## Assigned task
The expected result is an exact restatement of the data, free of pictures.

## Source data
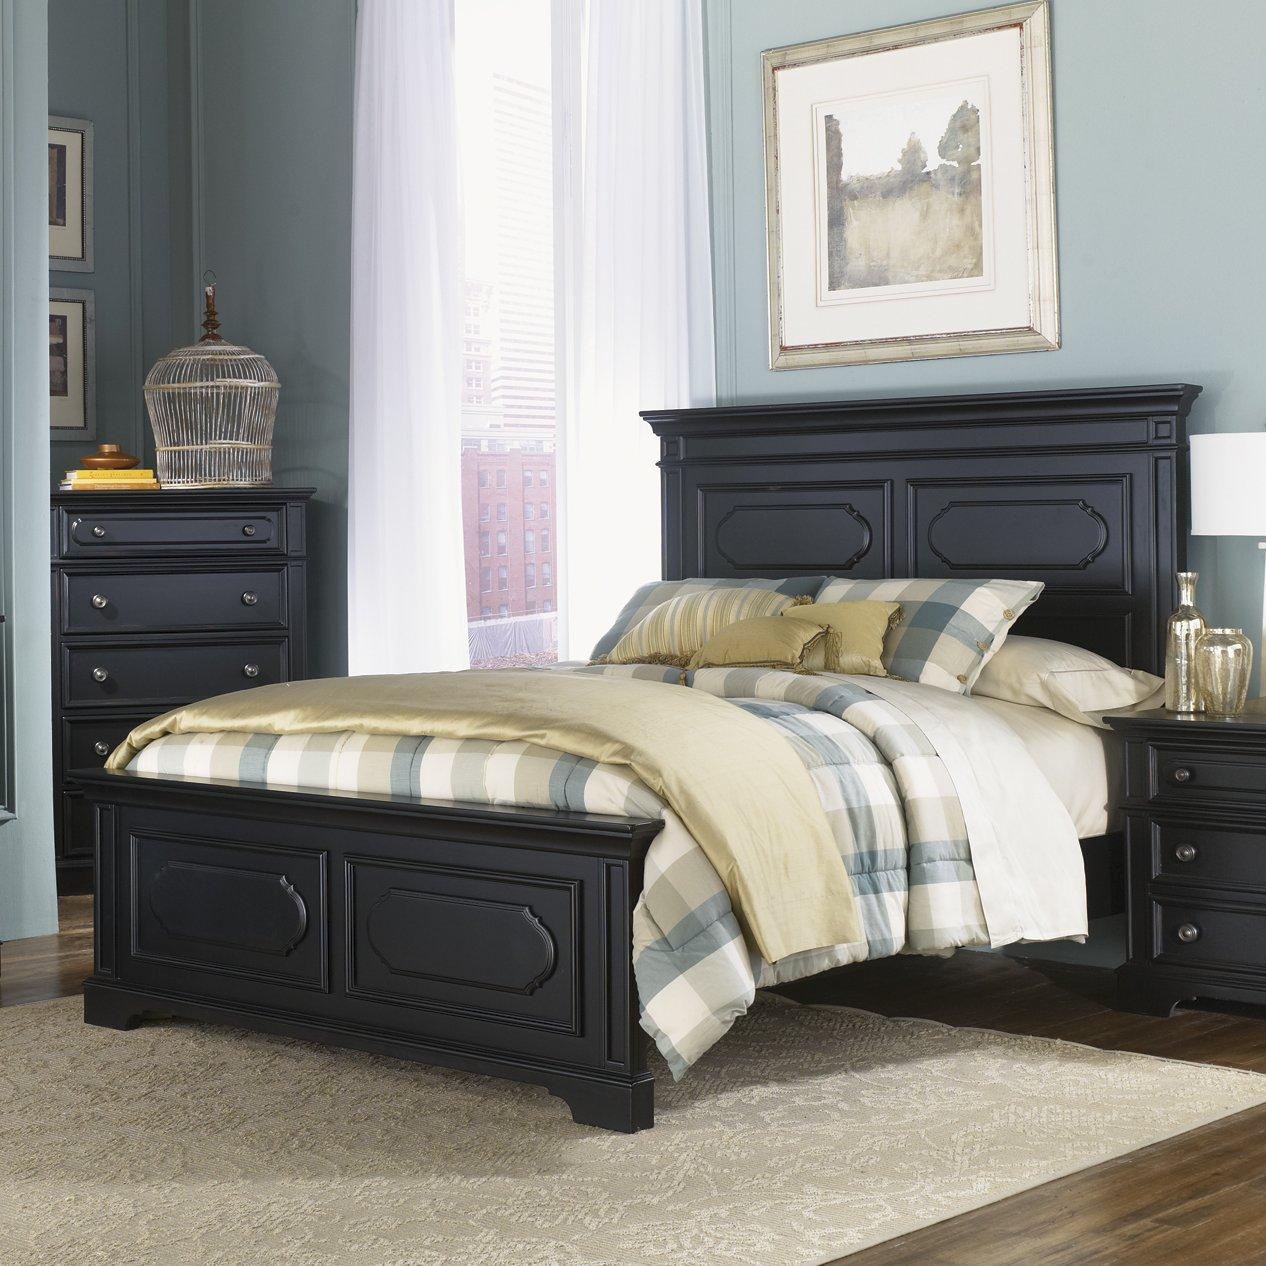 black liberty bedroom furniture photo - 3
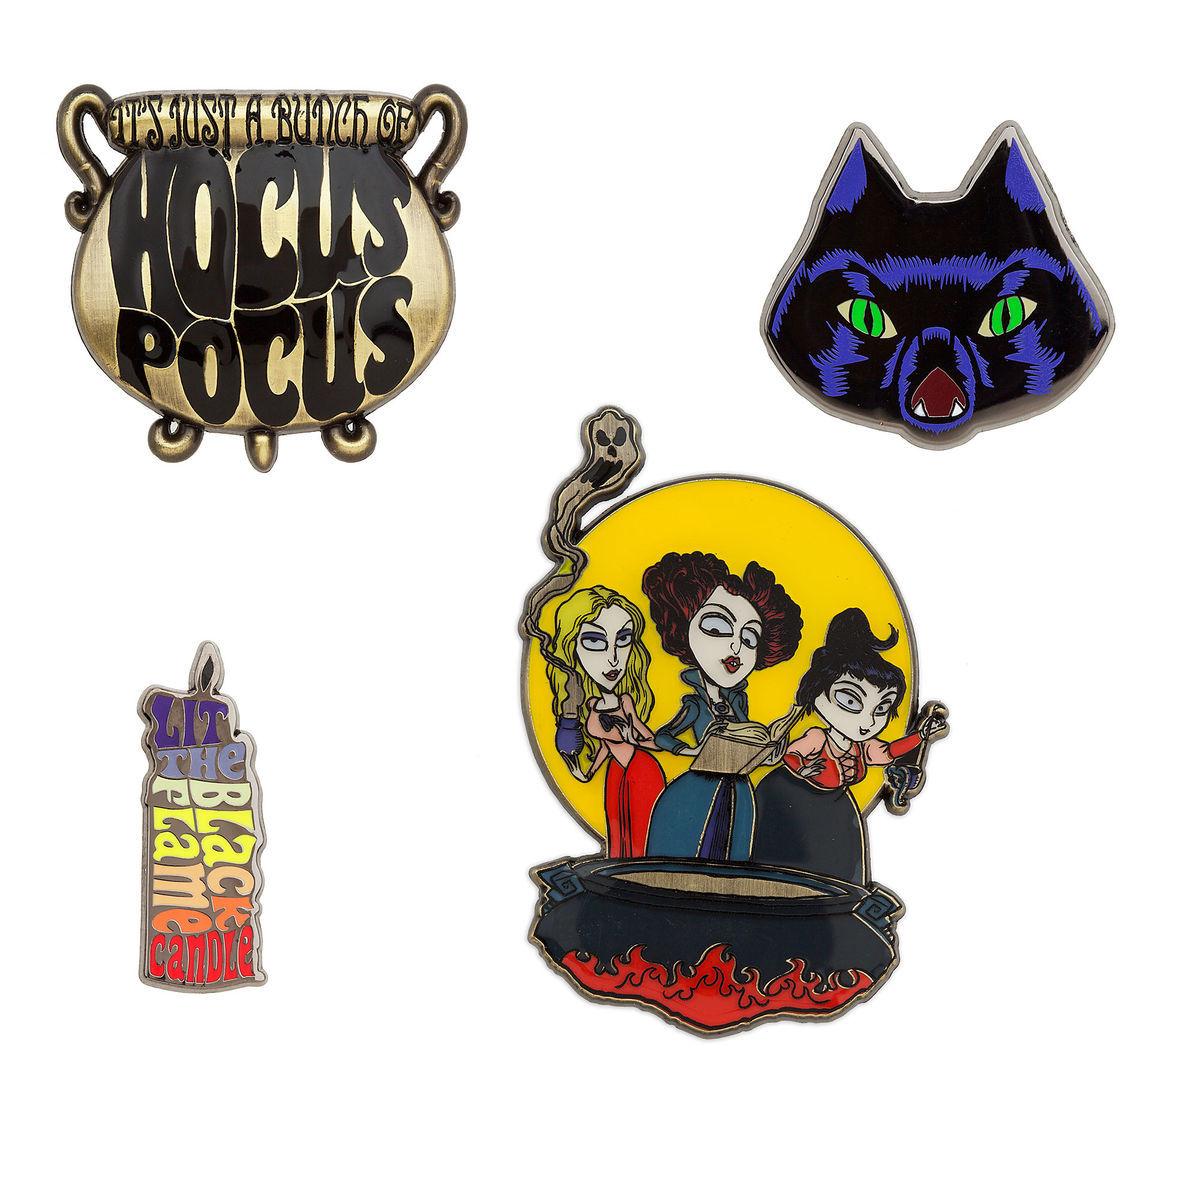 Hocus Pocus Merchandise Now Available! Details Below! #DisneyStyle 6
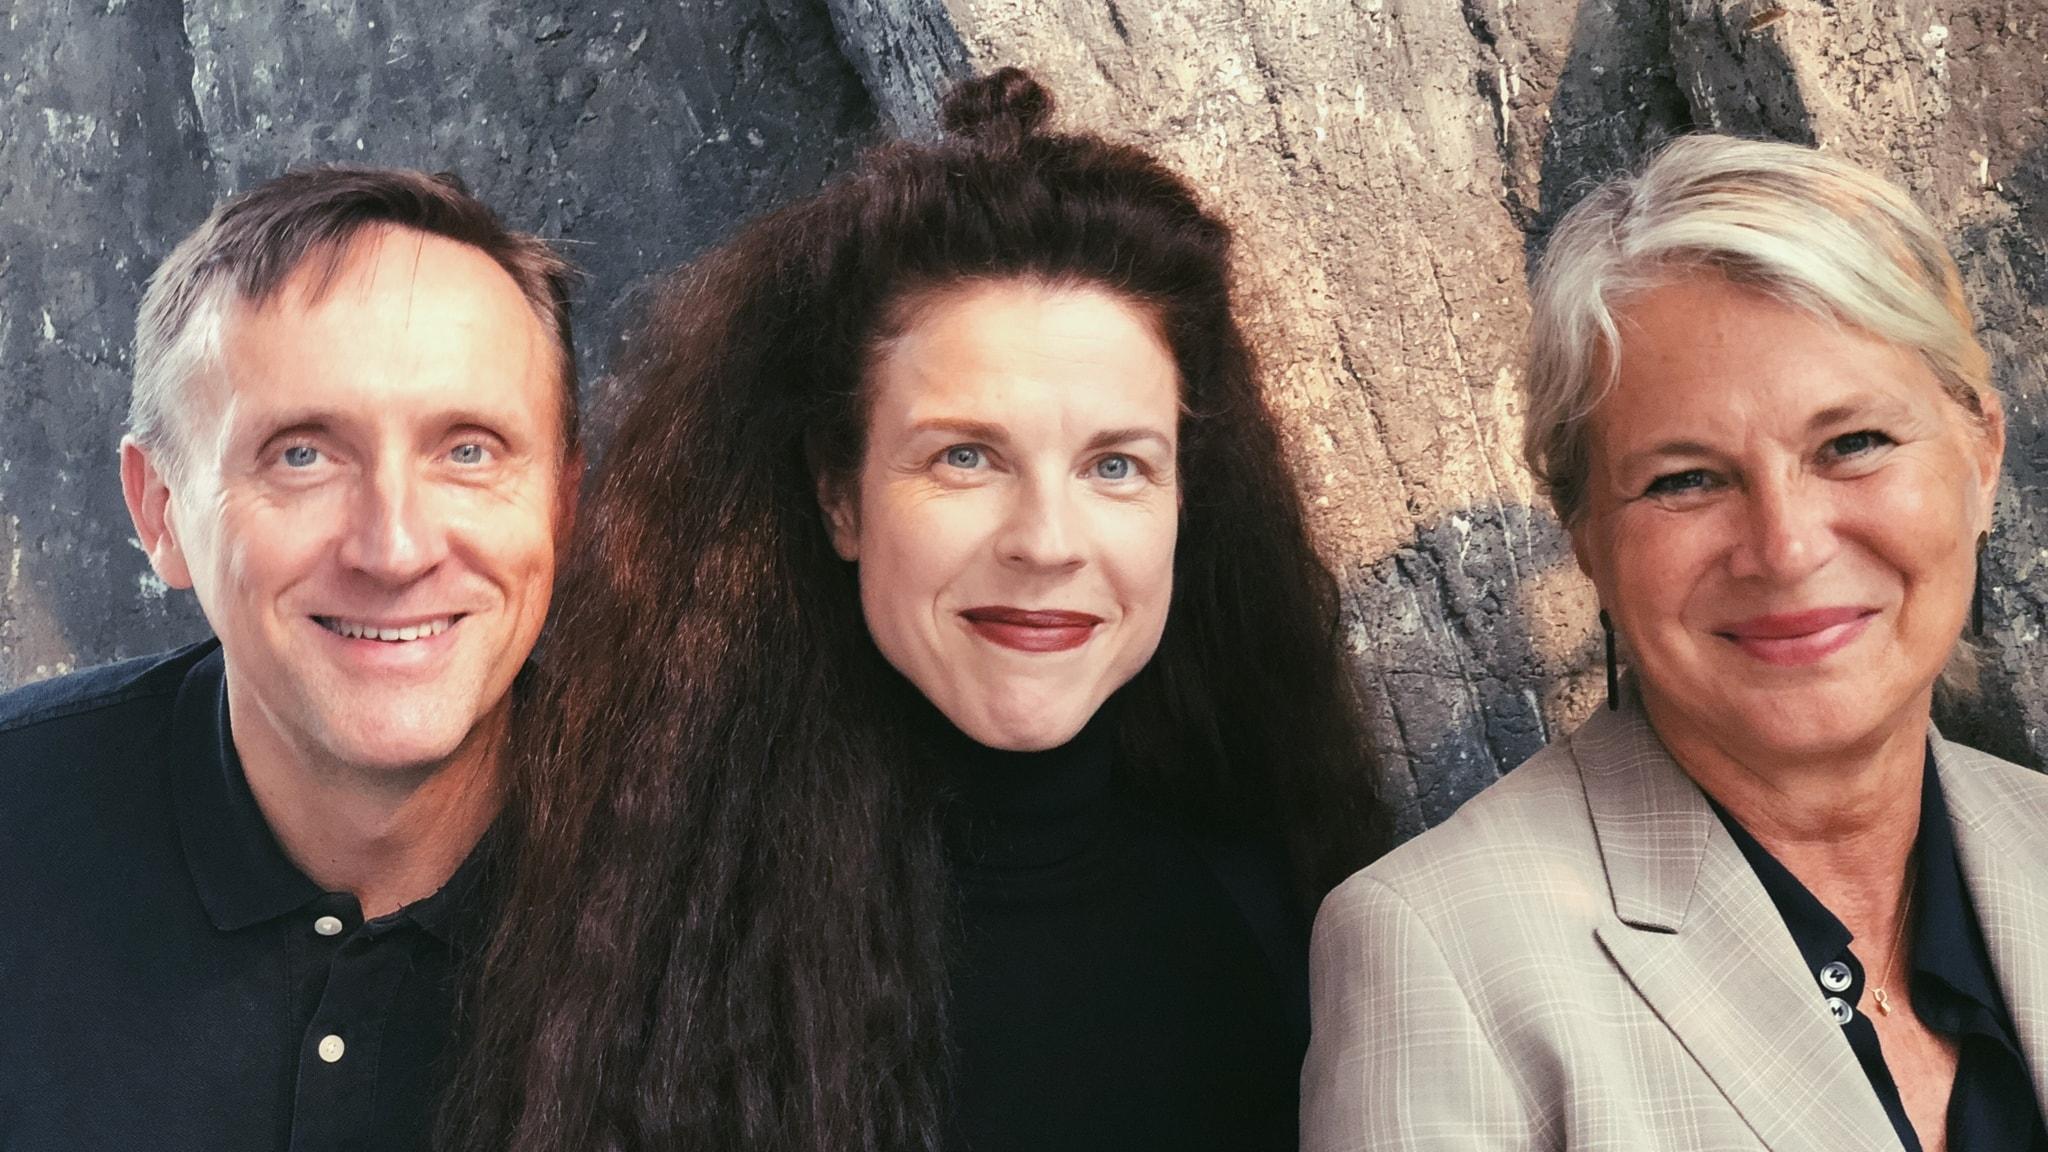 Helena von Zweigbergk, Göran Everdahl och Jessika Gedin.
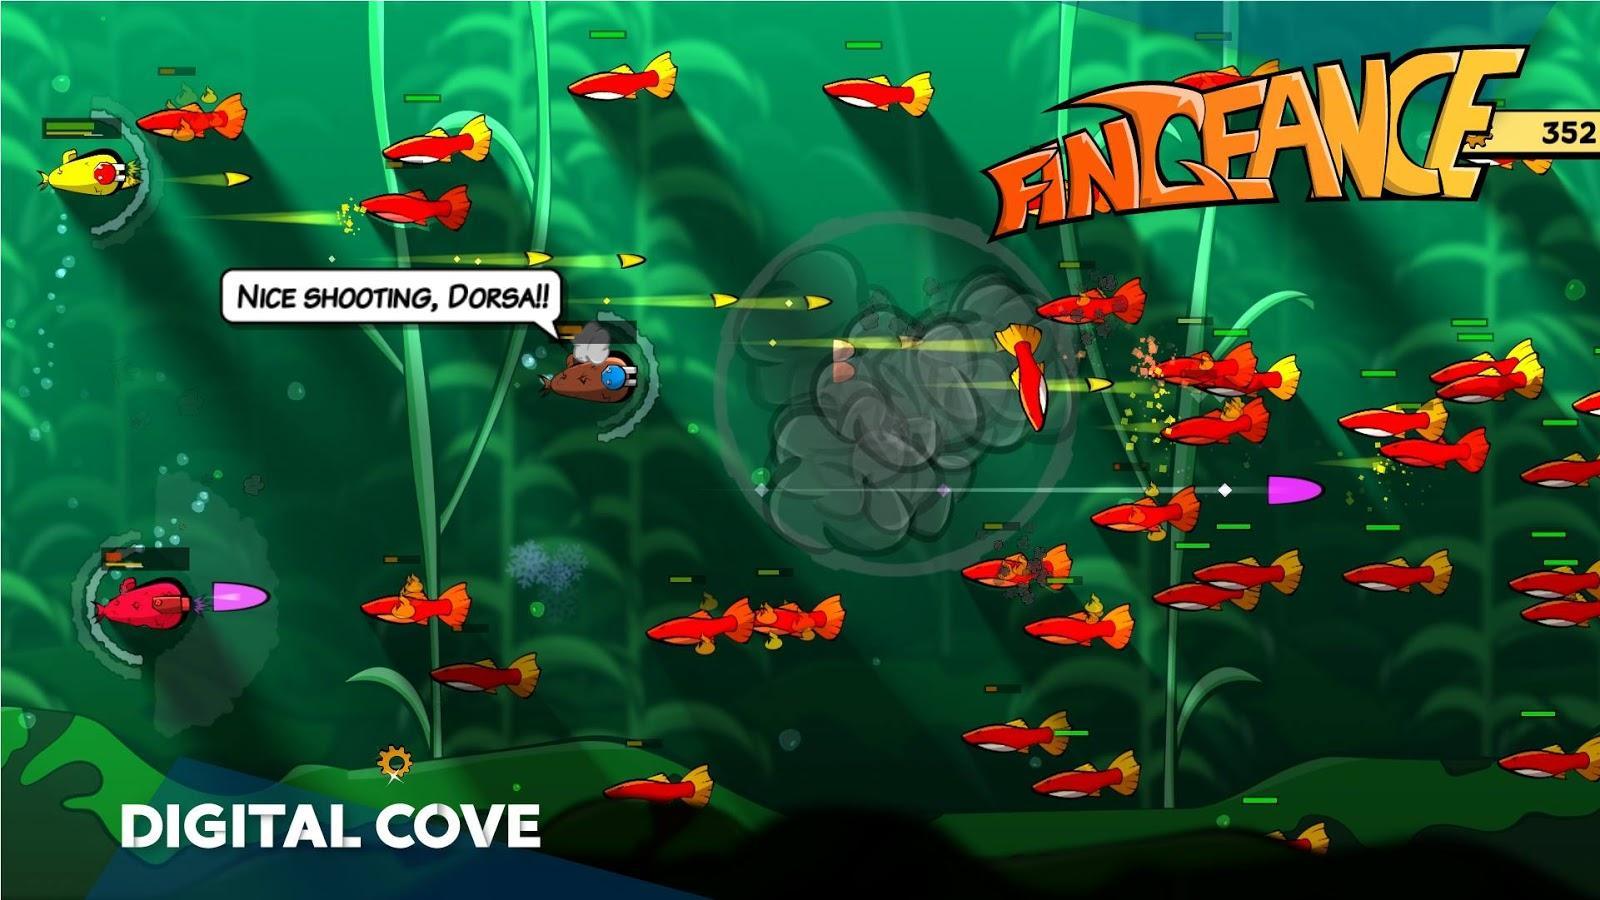 Screen shot of video game

## Result for this exercise
 black liberty bedroom furniture photo - 3
 Hocus Pocus Merchandise Now Available! Details Below! #DisneyStyle 6
 Helena von Zweigbergk, Göran Everdahl och Jessika Gedin.
 Screen shot of video game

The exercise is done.